**Description of the task**
Could you copy each line of the entries that contains "School"?
----------
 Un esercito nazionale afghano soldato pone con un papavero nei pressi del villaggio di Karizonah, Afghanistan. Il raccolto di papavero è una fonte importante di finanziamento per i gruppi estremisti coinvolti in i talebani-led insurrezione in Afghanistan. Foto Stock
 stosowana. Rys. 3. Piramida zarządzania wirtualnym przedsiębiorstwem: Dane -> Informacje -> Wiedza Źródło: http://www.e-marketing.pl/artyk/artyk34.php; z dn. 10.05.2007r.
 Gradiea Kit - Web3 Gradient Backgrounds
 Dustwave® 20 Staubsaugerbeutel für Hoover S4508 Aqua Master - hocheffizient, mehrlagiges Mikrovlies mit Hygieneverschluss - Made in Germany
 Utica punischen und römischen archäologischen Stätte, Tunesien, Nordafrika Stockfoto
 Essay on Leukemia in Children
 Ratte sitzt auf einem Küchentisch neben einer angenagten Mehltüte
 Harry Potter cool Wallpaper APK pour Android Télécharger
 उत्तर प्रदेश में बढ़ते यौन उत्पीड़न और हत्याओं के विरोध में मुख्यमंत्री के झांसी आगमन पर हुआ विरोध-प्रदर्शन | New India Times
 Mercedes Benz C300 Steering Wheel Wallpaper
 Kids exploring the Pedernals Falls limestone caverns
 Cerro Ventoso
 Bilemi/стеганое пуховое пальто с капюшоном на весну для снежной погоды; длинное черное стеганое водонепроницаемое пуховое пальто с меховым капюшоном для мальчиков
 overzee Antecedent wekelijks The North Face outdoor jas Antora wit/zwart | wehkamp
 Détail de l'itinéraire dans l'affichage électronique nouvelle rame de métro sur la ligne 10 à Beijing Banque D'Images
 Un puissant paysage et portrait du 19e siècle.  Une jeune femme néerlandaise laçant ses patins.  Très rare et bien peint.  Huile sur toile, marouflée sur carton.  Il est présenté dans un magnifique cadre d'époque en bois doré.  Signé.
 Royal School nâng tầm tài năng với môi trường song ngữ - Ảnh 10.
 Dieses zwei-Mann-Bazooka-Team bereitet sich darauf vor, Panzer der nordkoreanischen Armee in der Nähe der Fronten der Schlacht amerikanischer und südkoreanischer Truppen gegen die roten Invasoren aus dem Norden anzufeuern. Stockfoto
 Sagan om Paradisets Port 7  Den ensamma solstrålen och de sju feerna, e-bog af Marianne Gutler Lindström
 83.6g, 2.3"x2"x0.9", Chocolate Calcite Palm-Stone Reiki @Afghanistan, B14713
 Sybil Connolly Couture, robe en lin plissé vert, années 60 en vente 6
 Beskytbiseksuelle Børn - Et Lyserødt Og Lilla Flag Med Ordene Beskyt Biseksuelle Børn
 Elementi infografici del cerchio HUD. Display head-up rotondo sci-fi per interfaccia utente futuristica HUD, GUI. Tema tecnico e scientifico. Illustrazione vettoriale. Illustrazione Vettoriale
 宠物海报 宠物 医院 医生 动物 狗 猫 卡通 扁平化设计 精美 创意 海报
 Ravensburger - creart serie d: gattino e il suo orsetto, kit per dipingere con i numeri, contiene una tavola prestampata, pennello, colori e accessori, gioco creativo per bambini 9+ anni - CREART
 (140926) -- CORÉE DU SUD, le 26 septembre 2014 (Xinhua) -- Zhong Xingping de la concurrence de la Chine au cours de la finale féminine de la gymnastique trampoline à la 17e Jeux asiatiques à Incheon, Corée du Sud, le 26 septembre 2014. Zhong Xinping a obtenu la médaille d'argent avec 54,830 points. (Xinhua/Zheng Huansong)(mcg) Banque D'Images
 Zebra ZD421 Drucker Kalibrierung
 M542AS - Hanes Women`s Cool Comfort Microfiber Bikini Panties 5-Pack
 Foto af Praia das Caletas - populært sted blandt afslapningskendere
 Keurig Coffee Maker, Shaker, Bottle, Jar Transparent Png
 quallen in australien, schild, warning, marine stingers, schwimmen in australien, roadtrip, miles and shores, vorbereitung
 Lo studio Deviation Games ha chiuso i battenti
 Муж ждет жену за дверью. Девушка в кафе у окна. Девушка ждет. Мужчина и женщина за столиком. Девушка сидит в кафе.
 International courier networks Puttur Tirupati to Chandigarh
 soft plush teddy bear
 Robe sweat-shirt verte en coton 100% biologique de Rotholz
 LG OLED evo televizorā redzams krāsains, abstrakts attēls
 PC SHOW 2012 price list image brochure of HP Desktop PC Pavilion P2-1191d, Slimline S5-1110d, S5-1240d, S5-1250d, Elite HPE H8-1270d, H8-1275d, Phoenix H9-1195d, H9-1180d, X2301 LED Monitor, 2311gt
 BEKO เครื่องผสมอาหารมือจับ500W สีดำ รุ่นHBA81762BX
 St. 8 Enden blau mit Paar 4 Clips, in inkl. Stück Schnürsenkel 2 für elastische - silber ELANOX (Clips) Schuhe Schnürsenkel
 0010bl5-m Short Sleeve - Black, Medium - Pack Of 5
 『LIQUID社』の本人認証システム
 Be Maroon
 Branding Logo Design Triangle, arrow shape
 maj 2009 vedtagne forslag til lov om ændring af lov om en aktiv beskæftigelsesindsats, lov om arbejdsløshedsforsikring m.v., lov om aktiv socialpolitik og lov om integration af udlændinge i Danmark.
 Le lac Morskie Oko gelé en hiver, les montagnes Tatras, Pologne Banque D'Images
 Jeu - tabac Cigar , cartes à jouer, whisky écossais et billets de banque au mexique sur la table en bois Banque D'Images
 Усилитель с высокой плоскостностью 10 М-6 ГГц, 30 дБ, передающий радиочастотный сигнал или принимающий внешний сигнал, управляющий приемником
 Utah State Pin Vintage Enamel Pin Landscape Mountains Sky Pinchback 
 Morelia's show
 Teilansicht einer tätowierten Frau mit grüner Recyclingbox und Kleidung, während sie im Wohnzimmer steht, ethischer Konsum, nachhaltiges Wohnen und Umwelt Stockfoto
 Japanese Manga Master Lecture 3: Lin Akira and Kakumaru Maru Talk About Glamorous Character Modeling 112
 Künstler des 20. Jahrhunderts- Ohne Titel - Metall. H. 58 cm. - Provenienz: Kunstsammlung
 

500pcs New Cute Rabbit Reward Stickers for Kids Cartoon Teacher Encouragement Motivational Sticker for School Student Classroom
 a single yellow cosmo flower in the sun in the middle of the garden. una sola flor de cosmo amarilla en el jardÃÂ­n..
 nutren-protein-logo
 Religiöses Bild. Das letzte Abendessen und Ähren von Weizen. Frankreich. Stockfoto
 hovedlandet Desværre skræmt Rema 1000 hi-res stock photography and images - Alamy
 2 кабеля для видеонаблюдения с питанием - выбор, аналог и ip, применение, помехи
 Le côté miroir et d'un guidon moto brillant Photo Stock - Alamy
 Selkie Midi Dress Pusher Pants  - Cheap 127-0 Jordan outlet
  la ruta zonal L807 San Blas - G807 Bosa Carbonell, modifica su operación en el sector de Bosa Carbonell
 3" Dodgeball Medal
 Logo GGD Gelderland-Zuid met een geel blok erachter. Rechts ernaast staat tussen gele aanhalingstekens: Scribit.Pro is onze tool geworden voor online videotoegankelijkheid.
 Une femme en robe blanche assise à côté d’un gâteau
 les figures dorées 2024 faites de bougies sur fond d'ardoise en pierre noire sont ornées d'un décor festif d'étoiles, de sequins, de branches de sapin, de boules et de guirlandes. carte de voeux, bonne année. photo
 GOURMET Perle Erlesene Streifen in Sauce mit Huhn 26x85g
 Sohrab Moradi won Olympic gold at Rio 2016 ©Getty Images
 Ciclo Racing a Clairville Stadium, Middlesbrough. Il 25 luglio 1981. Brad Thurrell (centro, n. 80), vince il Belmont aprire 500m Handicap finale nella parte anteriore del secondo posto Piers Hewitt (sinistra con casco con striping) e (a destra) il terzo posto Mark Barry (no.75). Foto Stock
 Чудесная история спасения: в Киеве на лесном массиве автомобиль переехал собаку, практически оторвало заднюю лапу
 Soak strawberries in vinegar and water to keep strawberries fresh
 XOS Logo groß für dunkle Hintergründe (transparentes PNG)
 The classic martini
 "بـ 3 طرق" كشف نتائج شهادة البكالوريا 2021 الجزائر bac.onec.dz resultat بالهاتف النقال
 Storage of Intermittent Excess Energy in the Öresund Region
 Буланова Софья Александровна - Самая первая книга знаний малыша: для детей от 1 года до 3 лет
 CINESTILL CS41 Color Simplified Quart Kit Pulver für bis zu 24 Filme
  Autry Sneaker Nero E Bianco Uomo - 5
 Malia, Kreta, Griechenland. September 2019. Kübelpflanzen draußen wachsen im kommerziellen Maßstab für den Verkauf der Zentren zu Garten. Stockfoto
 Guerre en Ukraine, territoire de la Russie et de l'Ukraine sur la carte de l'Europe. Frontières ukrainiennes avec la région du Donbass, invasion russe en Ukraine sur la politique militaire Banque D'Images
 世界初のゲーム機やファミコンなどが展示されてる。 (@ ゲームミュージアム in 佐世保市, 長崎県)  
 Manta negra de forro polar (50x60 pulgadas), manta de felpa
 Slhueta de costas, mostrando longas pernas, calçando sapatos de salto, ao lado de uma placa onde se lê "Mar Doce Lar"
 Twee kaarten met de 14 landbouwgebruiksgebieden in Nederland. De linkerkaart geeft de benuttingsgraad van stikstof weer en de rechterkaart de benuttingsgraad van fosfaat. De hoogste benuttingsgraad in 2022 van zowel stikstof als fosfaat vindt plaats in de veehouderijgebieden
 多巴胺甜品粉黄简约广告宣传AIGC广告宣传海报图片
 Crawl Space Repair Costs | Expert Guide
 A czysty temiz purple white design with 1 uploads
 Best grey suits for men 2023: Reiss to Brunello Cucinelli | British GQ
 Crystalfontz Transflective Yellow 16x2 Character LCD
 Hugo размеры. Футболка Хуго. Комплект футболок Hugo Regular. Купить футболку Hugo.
----------
**Finished exercise**
 Royal School nâng tầm tài năng với môi trường song ngữ - Ảnh 10.
500pcs New Cute Rabbit Reward Stickers for Kids Cartoon Teacher Encouragement Motivational Sticker for School Student Classroom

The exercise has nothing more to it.